From the data below, repeat everything exactly except the images.

╭─ Dataset extract

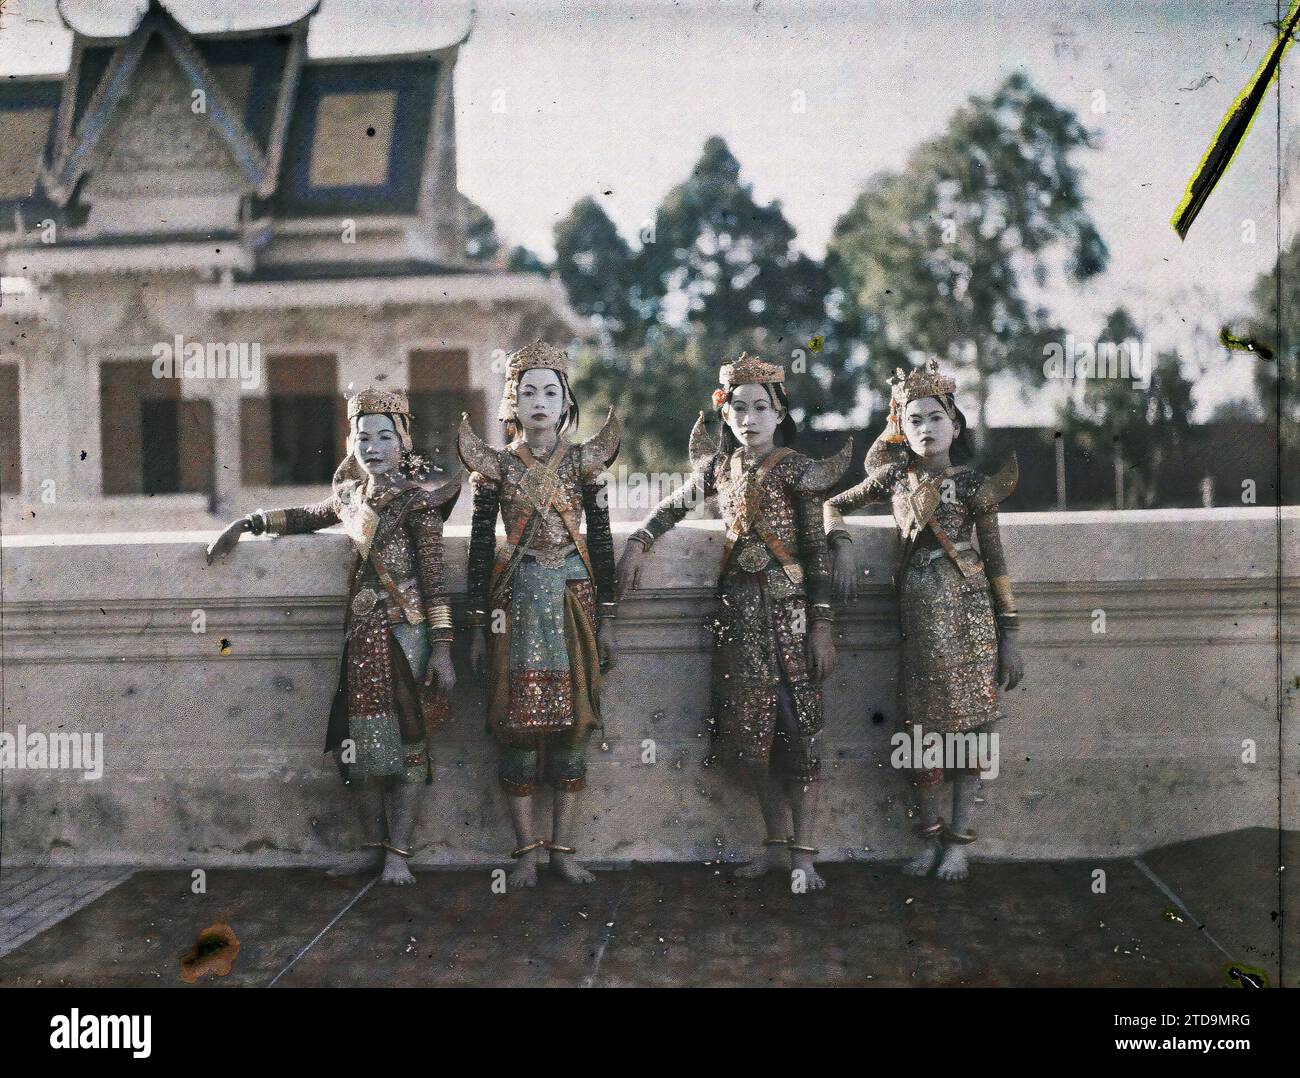 Royal Palace, Phnom Penh, Cambodia, Indochina Four dancers from the royal ballet in costume of young princes (aged under 17), Art, Clothing, Human beings, Housing, Architecture, Dance, Performance costume, Costume, King, Queen, Makeup, Carpet, wall hanging, Child, Group portrait, Jewelry, Palace, Castle, Indochina, Group of actors, Phnom Penh, 01/01/1921 - 31/12/1921, Busy, Léon, Léon Busy photographer en Indochine, Autochrome, photo, Glass, Autochrome, photo, Positive, Horizontal, Size 9 x 12 cm Stock Photo
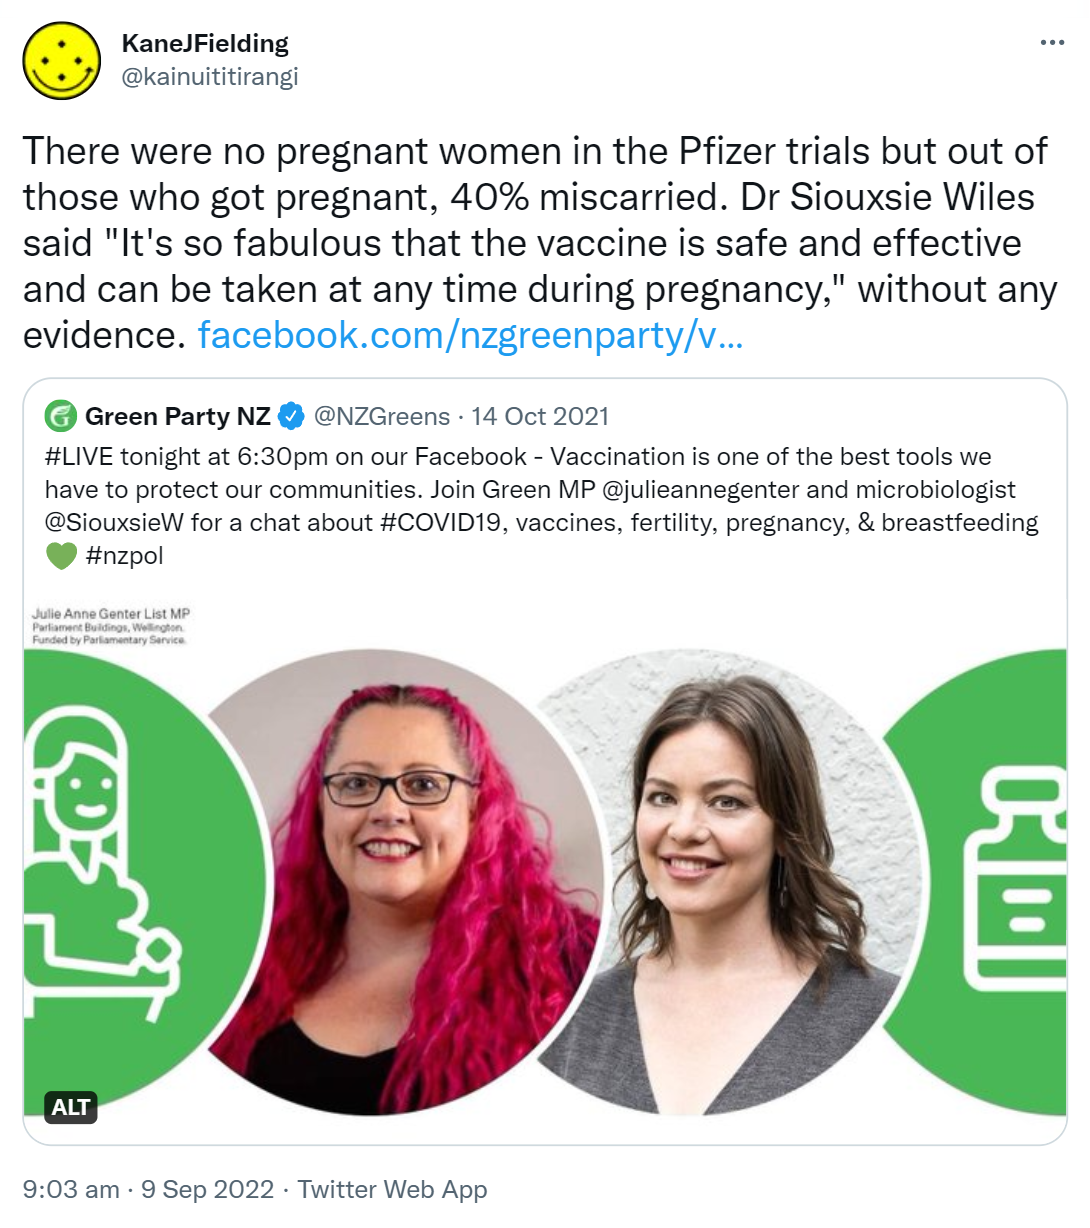 There were no pregnant women in the Pfizer trials but out of those who got pregnant, 40% miscarried. Doctor Siouxsie Wiles said, It's so fabulous that the vaccine is safe and effective and can be taken at any time during pregnancy, without any evidence. facebook.com/nzgreenparty. Quote Tweet. Green Party NZ @NZGreens. 14 Oct 2021. Hashtag LIVE tonight at 6:30pm on our Facebook - Vaccination is one of the best tools we have to protect our communities. Join Green MP @julieannegenter and microbiologist @SiouxsieW for a chat about Hashtag COVID19 vaccines fertility pregnancy & breastfeeding. Hashtag NZ Pol. 9:03 am · 9 Sep 2022.
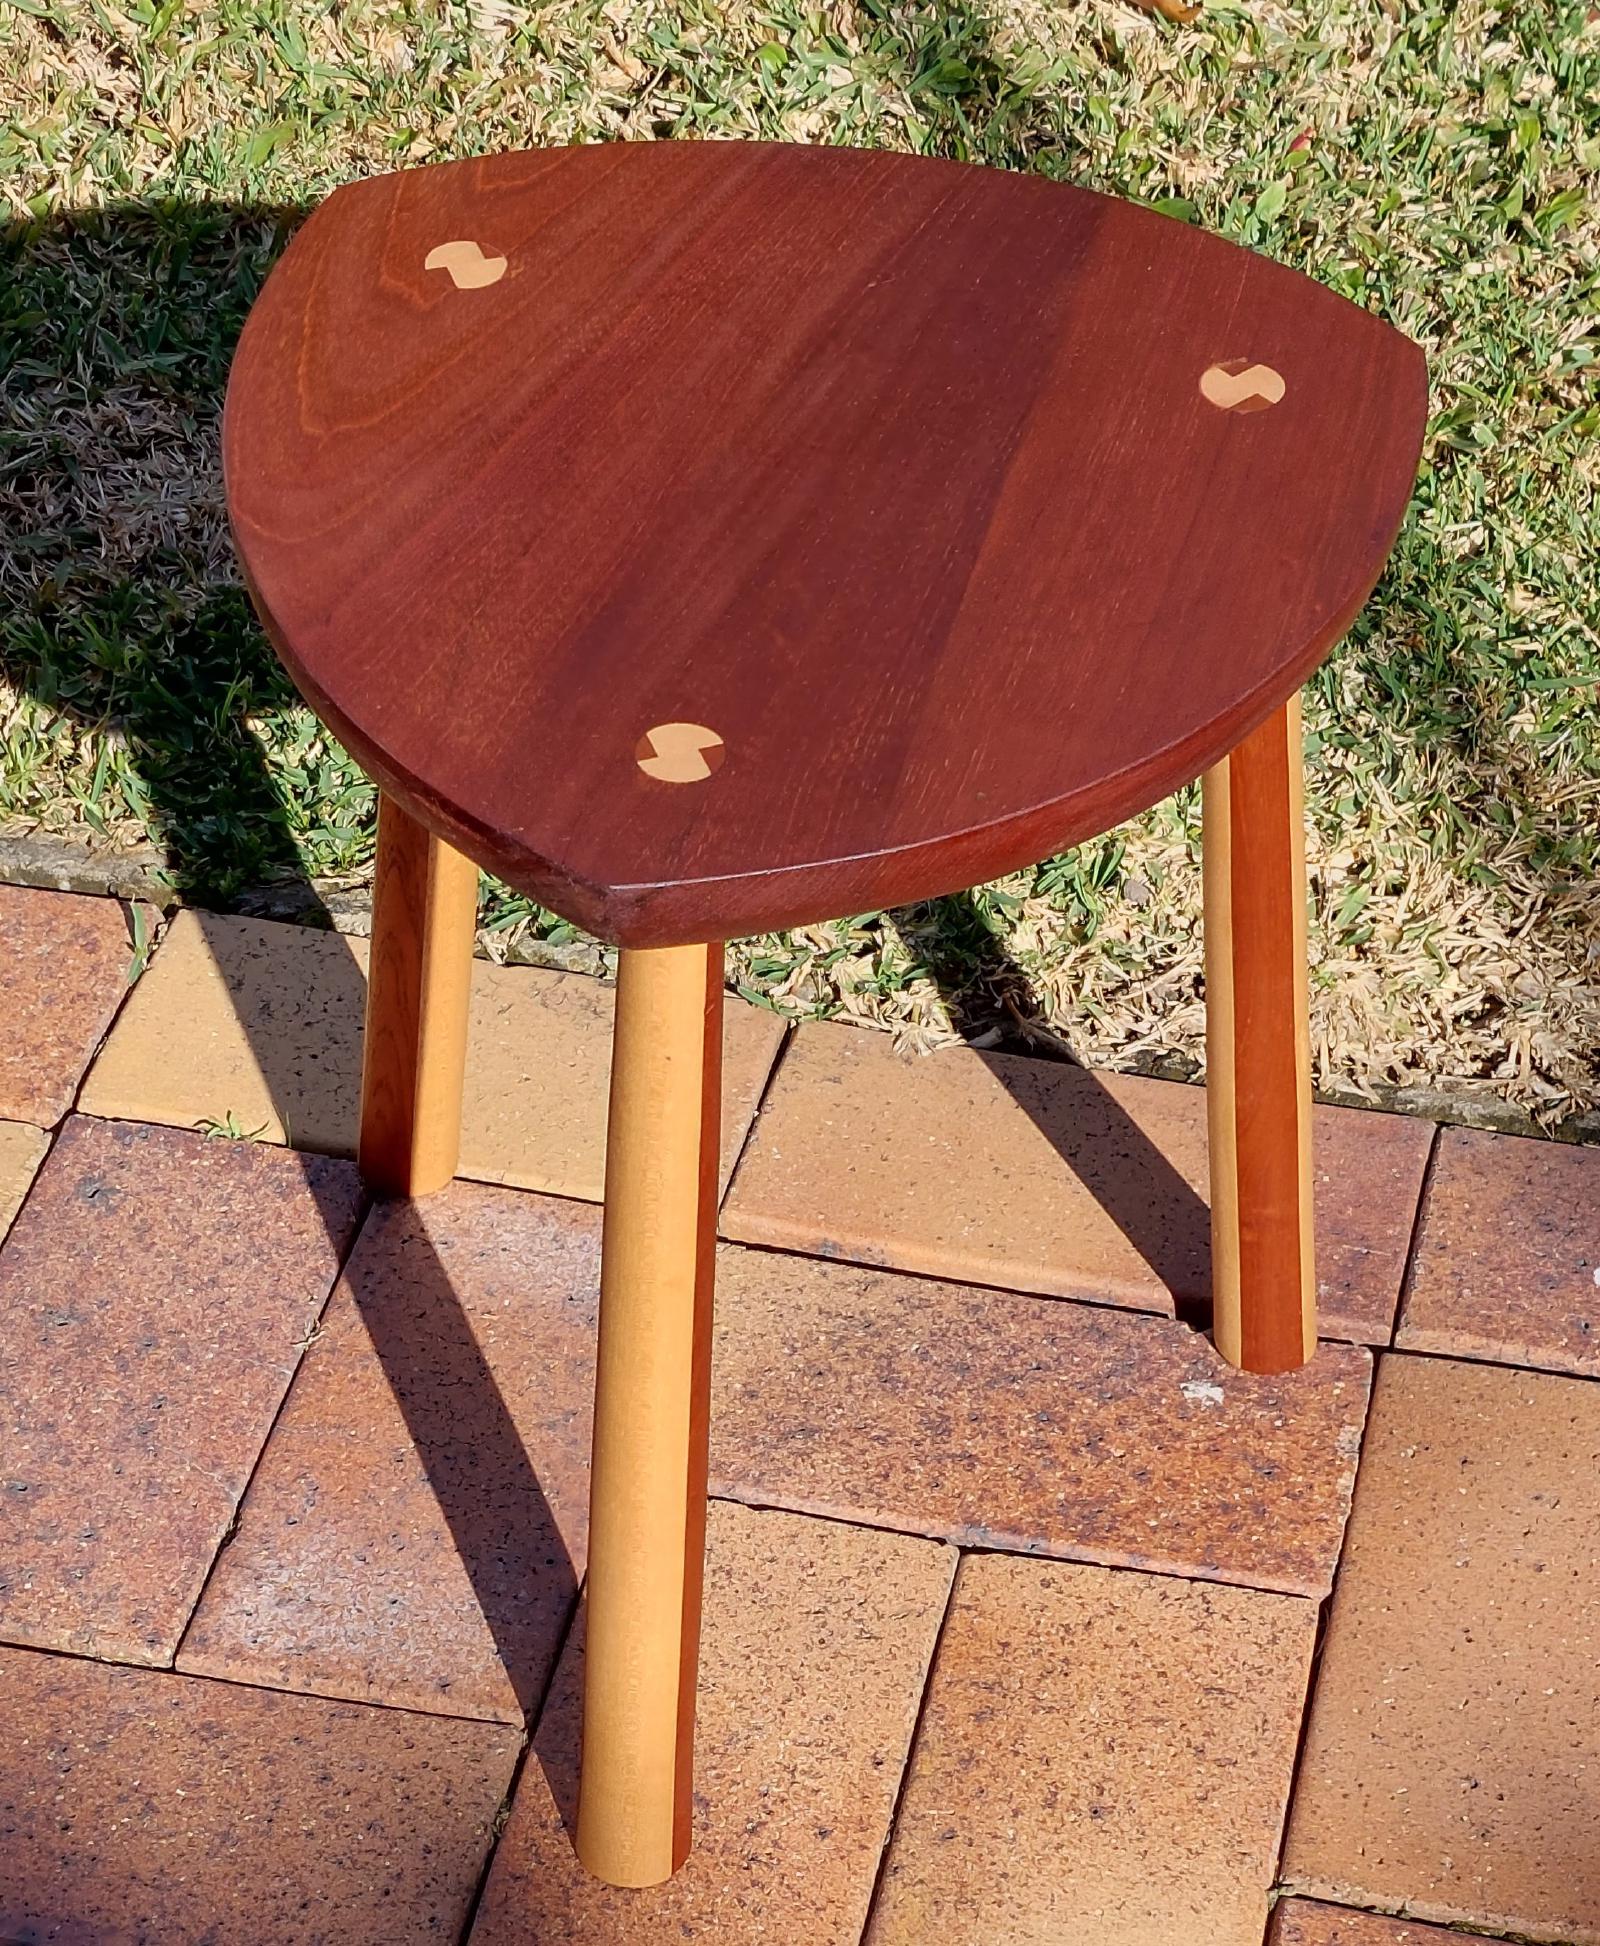 2022 - Small Stool - Red Cedar and QLD White Beech

╰─

Response below »
 Royal Palace, Phnom Penh, Cambodia, Indochina Four dancers from the royal ballet in costume of young princes (aged under 17), Art, Clothing, Human beings, Housing, Architecture, Dance, Performance costume, Costume, King, Queen, Makeup, Carpet, wall hanging, Child, Group portrait, Jewelry, Palace, Castle, Indochina, Group of actors, Phnom Penh, 01/01/1921 - 31/12/1921, Busy, Léon, Léon Busy photographer en Indochine, Autochrome, photo, Glass, Autochrome, photo, Positive, Horizontal, Size 9 x 12 cm Stock Photo
 There were no pregnant women in the Pfizer trials but out of those who got pregnant, 40% miscarried. Doctor Siouxsie Wiles said, It's so fabulous that the vaccine is safe and effective and can be taken at any time during pregnancy, without any evidence. facebook.com/nzgreenparty. Quote Tweet. Green Party NZ @NZGreens. 14 Oct 2021. Hashtag LIVE tonight at 6:30pm on our Facebook - Vaccination is one of the best tools we have to protect our communities. Join Green MP @julieannegenter and microbiologist @SiouxsieW for a chat about Hashtag COVID19 vaccines fertility pregnancy & breastfeeding. Hashtag NZ Pol. 9:03 am · 9 Sep 2022.
 2022 - Small Stool - Red Cedar and QLD White Beech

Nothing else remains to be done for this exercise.